====== Entries shown

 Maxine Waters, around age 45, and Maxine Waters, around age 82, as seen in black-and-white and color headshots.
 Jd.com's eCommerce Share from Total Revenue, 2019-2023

============
====== Entries shown

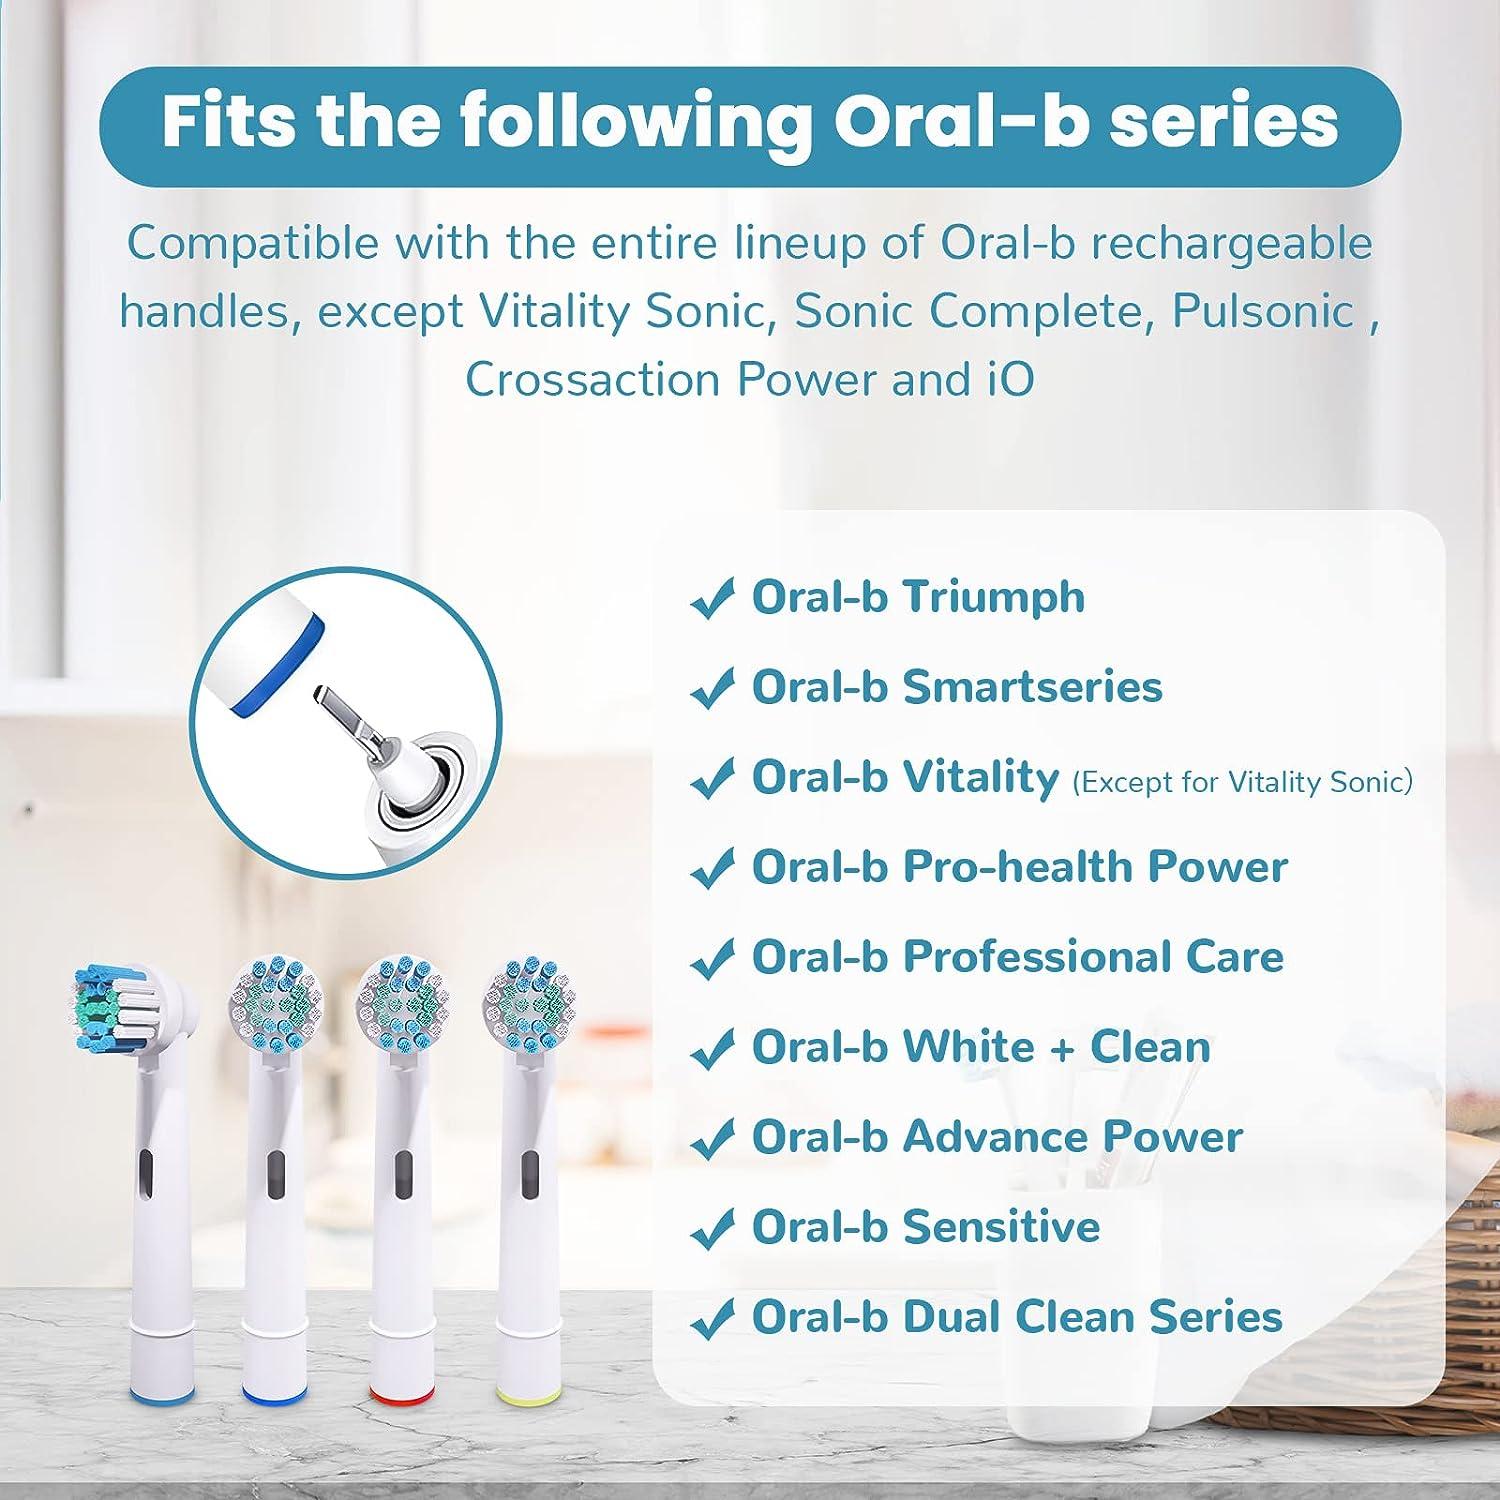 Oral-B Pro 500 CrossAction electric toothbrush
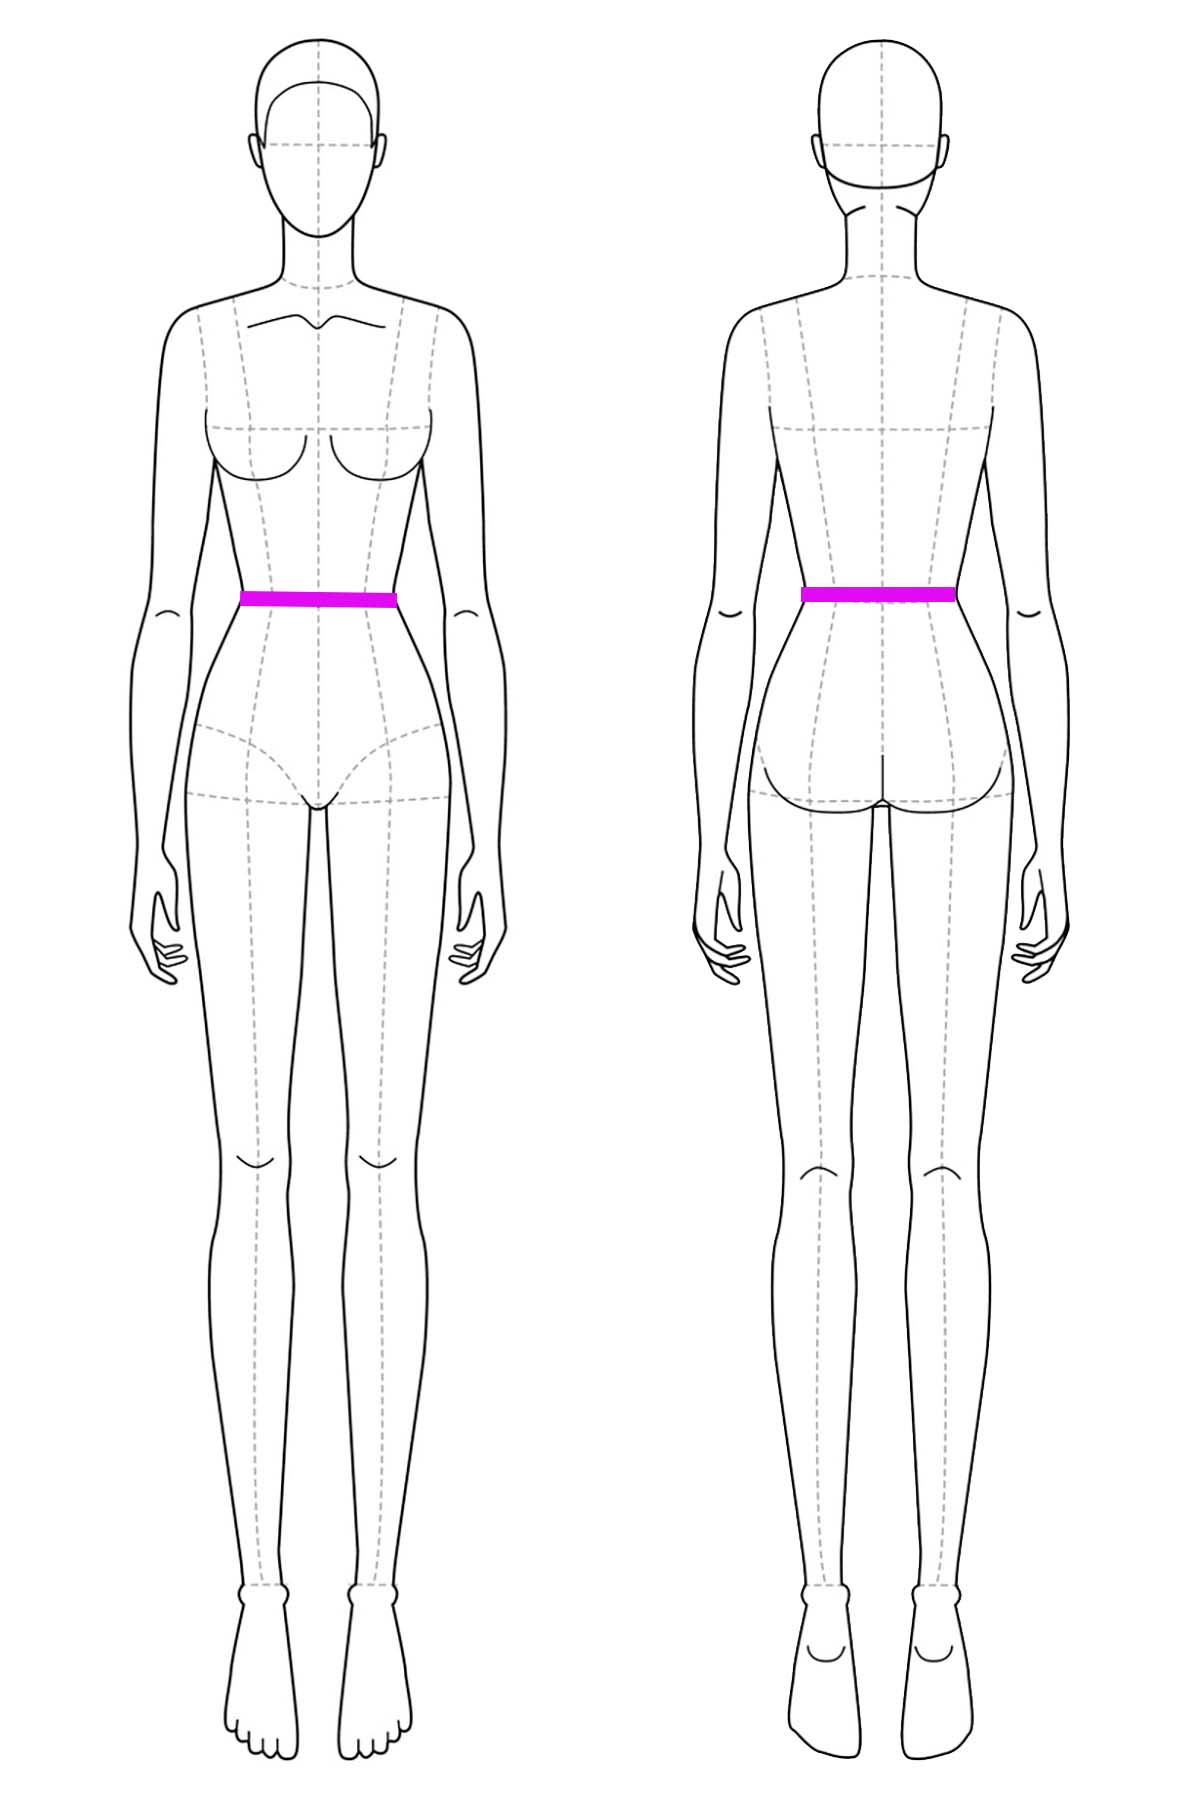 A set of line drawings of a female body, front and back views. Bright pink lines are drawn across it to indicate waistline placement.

============
====== Entries shown

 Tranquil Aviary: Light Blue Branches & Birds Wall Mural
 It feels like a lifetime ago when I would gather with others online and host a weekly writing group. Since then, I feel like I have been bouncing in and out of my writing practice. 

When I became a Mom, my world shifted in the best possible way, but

============

Aim of the task: Take the entries above and return only the lines from the one with "It feels like" to the one with "When I became", both included, unchanged.

Answer for this exercise:
 It feels like a lifetime ago when I would gather with others online and host a weekly writing group. Since then, I feel like I have been bouncing in and out of my writing practice. 

When I became a Mom, my world shifted in the best possible way, but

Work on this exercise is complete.